Another study was conducted by Awang Iskandar and his team on the detection of foreign bodies in a sample of Piper nigrum pepper seeds [8]. They were able to detect foreign bodies, such as pebbles and strings, with 100% accuracy. They employed several segmentation techniques, including the Color and Erodes Segmentation Technique, Color Erode and Clarify Segmentation Technique, and Color and Texture Segmentation Technique. The most effective method was found to be the Color and Texture Segmentation Technique.

Several studies have demonstrated that the use of color filter array CFA images yields improved results for both segmentation and classification. CFA data are obtained from monochromatic cameras, where the color filter array (CFA) makes each photosensor sensitive to only one color component. CFA images must be demosaiced to obtain the final color images, but this process can negatively impact textural information. This is because demosaicing affects color texture descriptors such as chromatic co-occurrence matrices (CCMs) [10]. A more recent work carried out an analysis of automatic image classification methods for Urticaceae pollen. This work compared machine learning and deep learning methods to classify Urticaceae pollen seeds. It is a very interesting work that shows the power of machine learning and deep learning algorithms in the classification of objects from images [11].

This work aimed to improve the authenticity of the product on the market and reduce the problem of usurped labeling. By creating a model that can accurately classify Penja pepper seeds from others, the industry can ensure that consumers are getting the product that they are paying for. Additionally, this work will contribute to the protection of the exceptional terroir of Penja and the know-how of the local craftsmen by making it easier to identify real Penja pepper seeds. This can help to support the local economy and promote sustainable agriculture practices.

The main contributions are listed as follows:

• The creation of a large CFA image database;
• The improvement of the experimental set-up used by Bitjoka et al., 2015 [12];
• The segmentation extraction and attribute extraction method, which can be used for the automation of seed identification in general.

The rest of the work is organized as follows: in Section 2, we first present related works on seed classification. Section 3 is devoted to our samples and image acquisition processes. Then, we show the different classification methods used as well as the selected attributes. In Section 4, we present the results and discussions. The paper is concluded in Section 5.

2. Related Work

Several works have been carried out on classification in the field of agri-food, and in relation to spices, classification work has mostly been carried out on peppers and chili peppers. Almost no classification work has been carried out on pepper seeds. However, the techniques and methods used for other spices can also be applied to pepper seeds, the usefulness of which is no longer proven, particularly in the health and culinary fields.

One of the works on pepper seed classification using machine vision is based on convolutional neural networks (CNNs) [13]. In this work, the best classification score of 84.94 precision was achieved with the equipment used: a desktop scanner with a resolution of 1200 dpi.

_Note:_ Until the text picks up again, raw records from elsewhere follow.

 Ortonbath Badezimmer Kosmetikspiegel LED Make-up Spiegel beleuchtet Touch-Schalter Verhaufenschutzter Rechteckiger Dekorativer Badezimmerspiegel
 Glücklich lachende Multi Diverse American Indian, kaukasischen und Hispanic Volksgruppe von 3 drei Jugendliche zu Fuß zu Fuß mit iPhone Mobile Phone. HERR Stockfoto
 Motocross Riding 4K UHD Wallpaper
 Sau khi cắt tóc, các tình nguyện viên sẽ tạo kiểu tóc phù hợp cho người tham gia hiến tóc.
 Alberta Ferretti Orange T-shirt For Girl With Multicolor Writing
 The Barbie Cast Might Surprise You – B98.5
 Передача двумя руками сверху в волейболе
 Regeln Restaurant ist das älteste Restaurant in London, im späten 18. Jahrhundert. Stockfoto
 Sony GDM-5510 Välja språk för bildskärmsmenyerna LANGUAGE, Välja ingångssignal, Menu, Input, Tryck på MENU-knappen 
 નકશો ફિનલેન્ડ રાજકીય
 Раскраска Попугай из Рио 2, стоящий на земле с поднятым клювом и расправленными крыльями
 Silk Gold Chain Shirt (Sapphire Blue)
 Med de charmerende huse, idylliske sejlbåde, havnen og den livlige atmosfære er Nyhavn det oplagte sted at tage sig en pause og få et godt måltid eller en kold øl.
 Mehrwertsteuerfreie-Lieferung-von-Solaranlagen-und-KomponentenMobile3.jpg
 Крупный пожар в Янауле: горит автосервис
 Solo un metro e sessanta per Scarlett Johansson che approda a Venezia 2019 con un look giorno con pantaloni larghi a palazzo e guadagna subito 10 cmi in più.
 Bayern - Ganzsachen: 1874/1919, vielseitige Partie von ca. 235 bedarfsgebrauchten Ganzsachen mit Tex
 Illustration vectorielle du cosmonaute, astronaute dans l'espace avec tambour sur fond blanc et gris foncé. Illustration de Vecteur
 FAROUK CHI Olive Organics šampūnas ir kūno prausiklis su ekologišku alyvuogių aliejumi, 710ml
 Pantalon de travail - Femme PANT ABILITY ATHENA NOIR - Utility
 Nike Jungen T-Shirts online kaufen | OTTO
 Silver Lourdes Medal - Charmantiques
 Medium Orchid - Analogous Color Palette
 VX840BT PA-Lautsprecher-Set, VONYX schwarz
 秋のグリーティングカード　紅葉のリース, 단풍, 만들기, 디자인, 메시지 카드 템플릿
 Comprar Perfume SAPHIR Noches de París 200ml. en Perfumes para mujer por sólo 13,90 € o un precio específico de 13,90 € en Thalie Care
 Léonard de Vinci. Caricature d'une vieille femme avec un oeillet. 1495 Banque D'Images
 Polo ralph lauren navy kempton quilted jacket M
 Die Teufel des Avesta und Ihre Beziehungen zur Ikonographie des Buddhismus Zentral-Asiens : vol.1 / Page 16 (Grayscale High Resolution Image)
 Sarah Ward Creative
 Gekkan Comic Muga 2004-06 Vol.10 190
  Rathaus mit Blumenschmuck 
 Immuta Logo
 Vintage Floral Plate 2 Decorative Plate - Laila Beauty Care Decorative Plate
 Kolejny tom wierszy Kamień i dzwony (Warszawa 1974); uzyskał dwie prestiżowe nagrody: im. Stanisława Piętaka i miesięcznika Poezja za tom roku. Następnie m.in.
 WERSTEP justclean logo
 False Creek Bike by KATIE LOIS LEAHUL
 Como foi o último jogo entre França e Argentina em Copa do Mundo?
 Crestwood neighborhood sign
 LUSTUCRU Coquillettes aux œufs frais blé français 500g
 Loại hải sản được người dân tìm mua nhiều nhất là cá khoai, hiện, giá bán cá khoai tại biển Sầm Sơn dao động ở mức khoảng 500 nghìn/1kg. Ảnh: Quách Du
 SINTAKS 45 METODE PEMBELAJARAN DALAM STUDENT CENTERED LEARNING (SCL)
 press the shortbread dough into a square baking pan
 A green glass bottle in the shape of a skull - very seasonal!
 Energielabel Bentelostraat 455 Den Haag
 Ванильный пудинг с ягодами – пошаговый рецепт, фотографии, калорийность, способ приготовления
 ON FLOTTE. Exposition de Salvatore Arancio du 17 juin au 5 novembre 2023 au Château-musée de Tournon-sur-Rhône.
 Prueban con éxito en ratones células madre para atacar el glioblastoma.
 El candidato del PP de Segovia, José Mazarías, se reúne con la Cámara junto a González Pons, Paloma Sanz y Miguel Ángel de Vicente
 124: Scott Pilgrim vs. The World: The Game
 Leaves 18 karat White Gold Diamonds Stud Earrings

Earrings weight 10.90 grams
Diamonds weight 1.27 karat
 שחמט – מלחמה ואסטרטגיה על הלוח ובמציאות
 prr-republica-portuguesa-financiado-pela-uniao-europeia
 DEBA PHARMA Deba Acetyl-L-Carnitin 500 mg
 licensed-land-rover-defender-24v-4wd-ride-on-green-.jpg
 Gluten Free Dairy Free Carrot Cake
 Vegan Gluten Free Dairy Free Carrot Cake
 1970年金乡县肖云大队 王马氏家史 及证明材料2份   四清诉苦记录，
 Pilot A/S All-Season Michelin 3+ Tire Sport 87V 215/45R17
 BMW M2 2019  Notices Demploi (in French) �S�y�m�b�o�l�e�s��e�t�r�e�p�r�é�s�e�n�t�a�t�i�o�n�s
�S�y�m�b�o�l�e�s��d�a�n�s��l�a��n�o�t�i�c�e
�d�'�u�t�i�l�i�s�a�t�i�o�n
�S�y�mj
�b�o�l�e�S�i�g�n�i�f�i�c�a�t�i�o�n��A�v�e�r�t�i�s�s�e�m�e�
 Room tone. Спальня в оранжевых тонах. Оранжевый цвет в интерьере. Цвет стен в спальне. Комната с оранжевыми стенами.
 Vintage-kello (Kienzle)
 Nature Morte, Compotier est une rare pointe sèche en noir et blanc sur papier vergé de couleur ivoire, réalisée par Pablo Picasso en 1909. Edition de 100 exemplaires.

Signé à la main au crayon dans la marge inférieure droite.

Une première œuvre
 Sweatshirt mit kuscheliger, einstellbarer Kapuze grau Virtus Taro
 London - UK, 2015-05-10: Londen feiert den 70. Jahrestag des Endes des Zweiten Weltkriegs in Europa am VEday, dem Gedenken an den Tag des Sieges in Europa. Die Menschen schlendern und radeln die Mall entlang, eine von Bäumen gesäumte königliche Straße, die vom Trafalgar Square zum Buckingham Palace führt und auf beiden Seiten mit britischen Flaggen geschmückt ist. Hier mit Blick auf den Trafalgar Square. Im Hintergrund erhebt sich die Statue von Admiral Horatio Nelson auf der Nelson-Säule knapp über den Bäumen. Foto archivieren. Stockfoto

The use of the material can be justified by the fact that the Chili pepper are flat in appearance. Due to not having this material at our disposal, we were not able to reproduce the approach adopted in this work. However, this work clearly shows that neural networks are an effective means of classifying spices.

Another work was carried out on corn seeds [14]. This work focused on the classification of five maize species using computer-based recognition. The models used are Multilayer perceptron (MLP), decision tree (DT), linear discrimination (LDA), naive Bayes (NB), support vector machine (SVM), and k-nearest neighbors (KNN), and the one which yielded the greatest performance was the SVM. These classification models have also been used in several classification projects in the agri-food sector. These works [15,16,17] and many others have shown the effectiveness of these models. As peppercorns have almost the same structure as corn seeds, it is also possible that these methods can work in identifying pepper seeds.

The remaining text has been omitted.